Activity:
Your answer is the lines below, exactly, from the one that contains "Unveröffentlichte Werke für" through the one that contains "Multipoint Deluxe Inbouw", both included.

Task input:
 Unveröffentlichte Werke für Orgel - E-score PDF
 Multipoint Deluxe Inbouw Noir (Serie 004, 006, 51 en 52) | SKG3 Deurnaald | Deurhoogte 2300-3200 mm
* * *
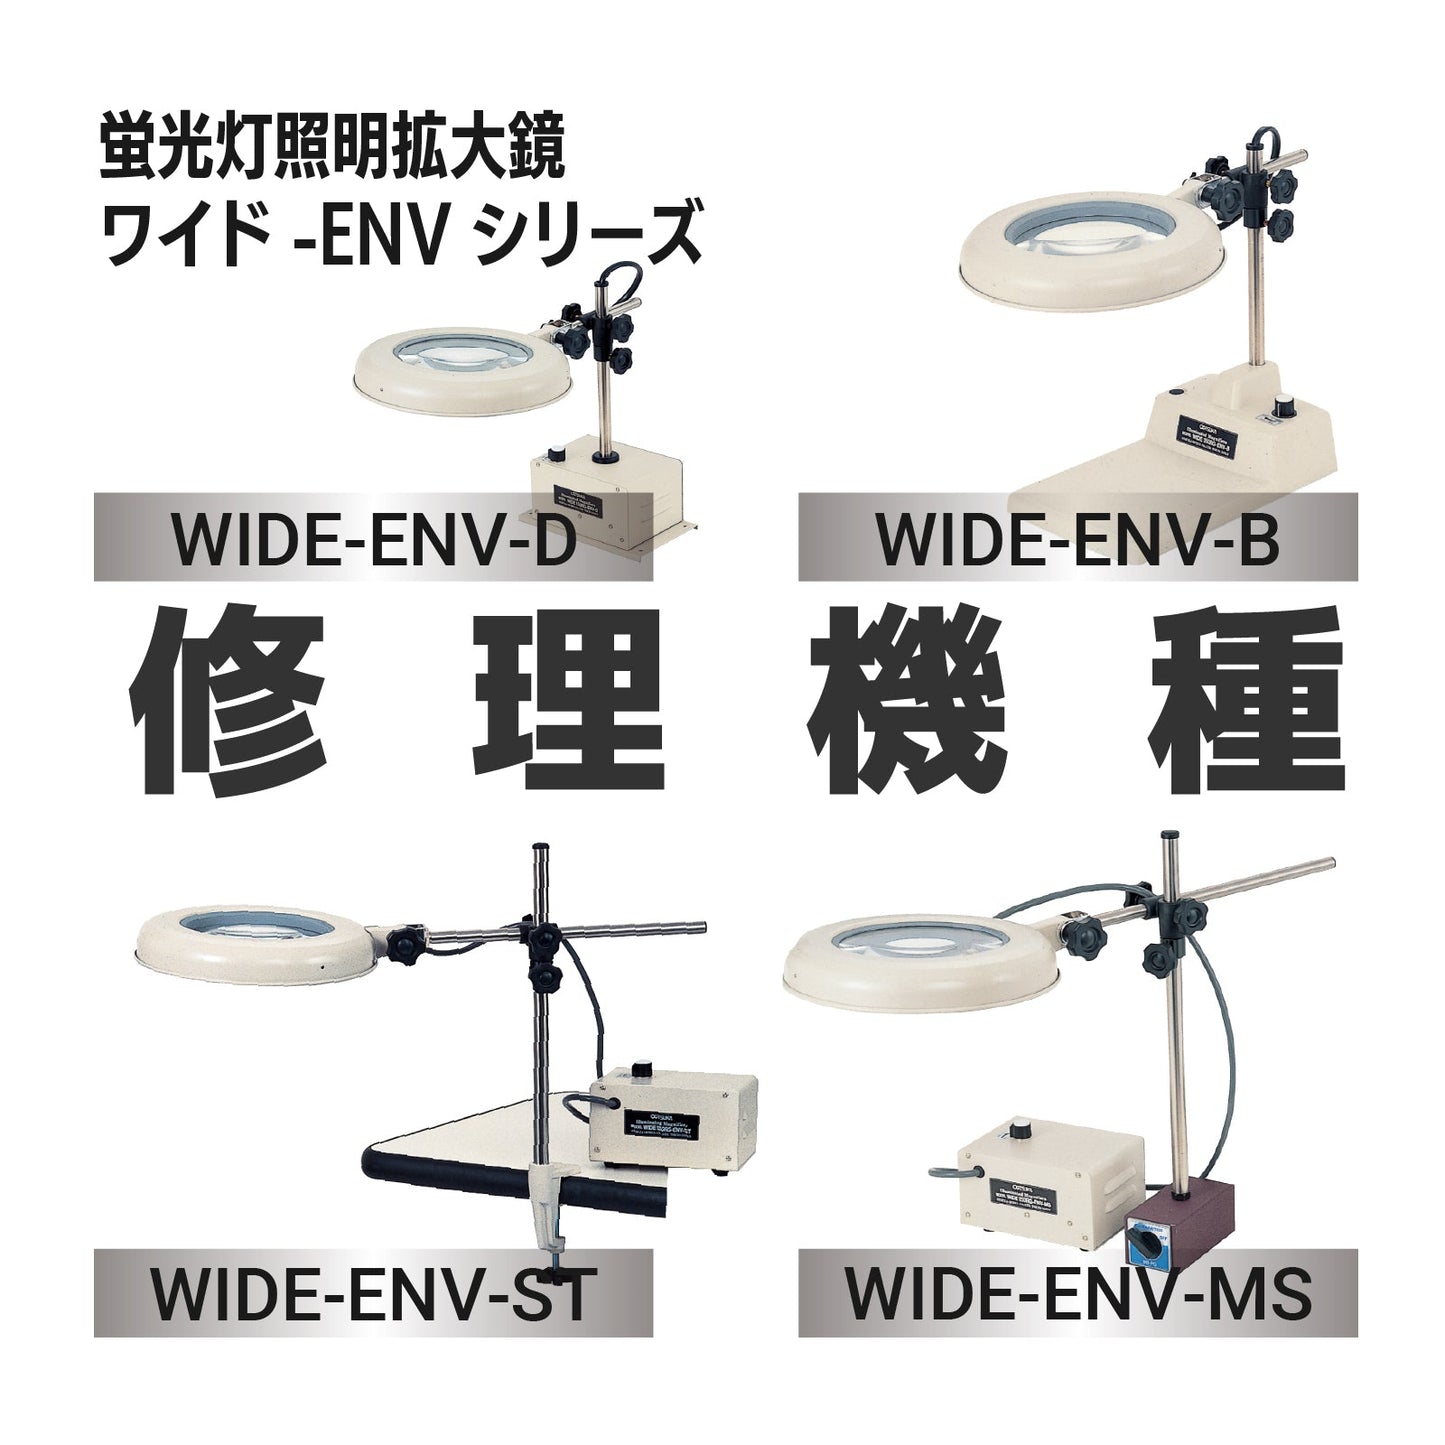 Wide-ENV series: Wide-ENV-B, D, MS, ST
...
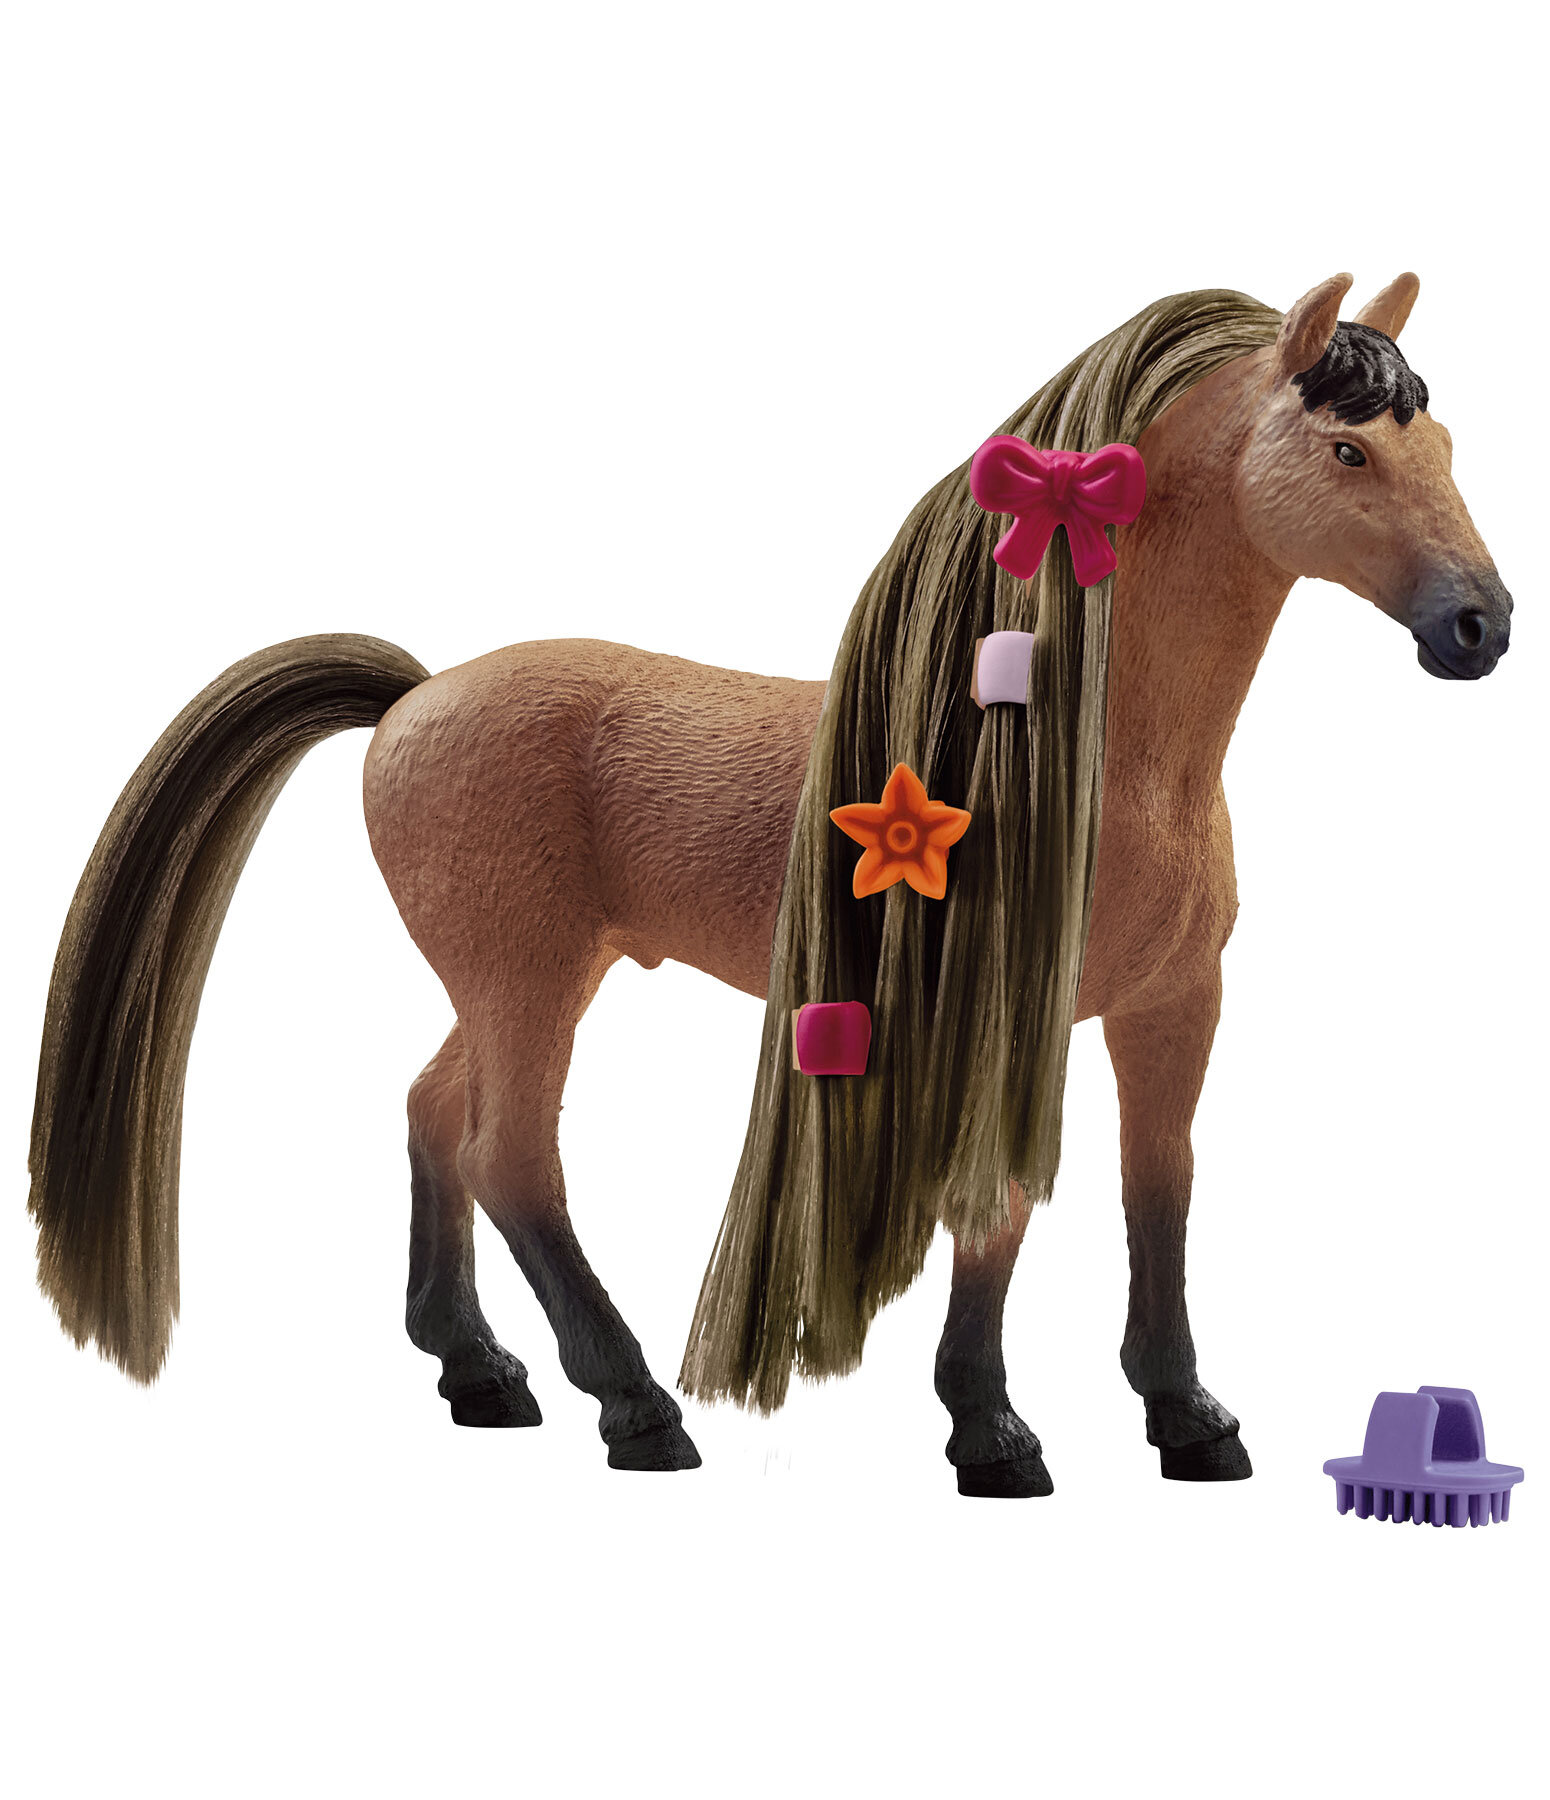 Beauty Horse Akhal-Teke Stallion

Written solution:
 Unveröffentlichte Werke für Orgel - E-score PDF
 Multipoint Deluxe Inbouw Noir (Serie 004, 006, 51 en 52) | SKG3 Deurnaald | Deurhoogte 2300-3200 mm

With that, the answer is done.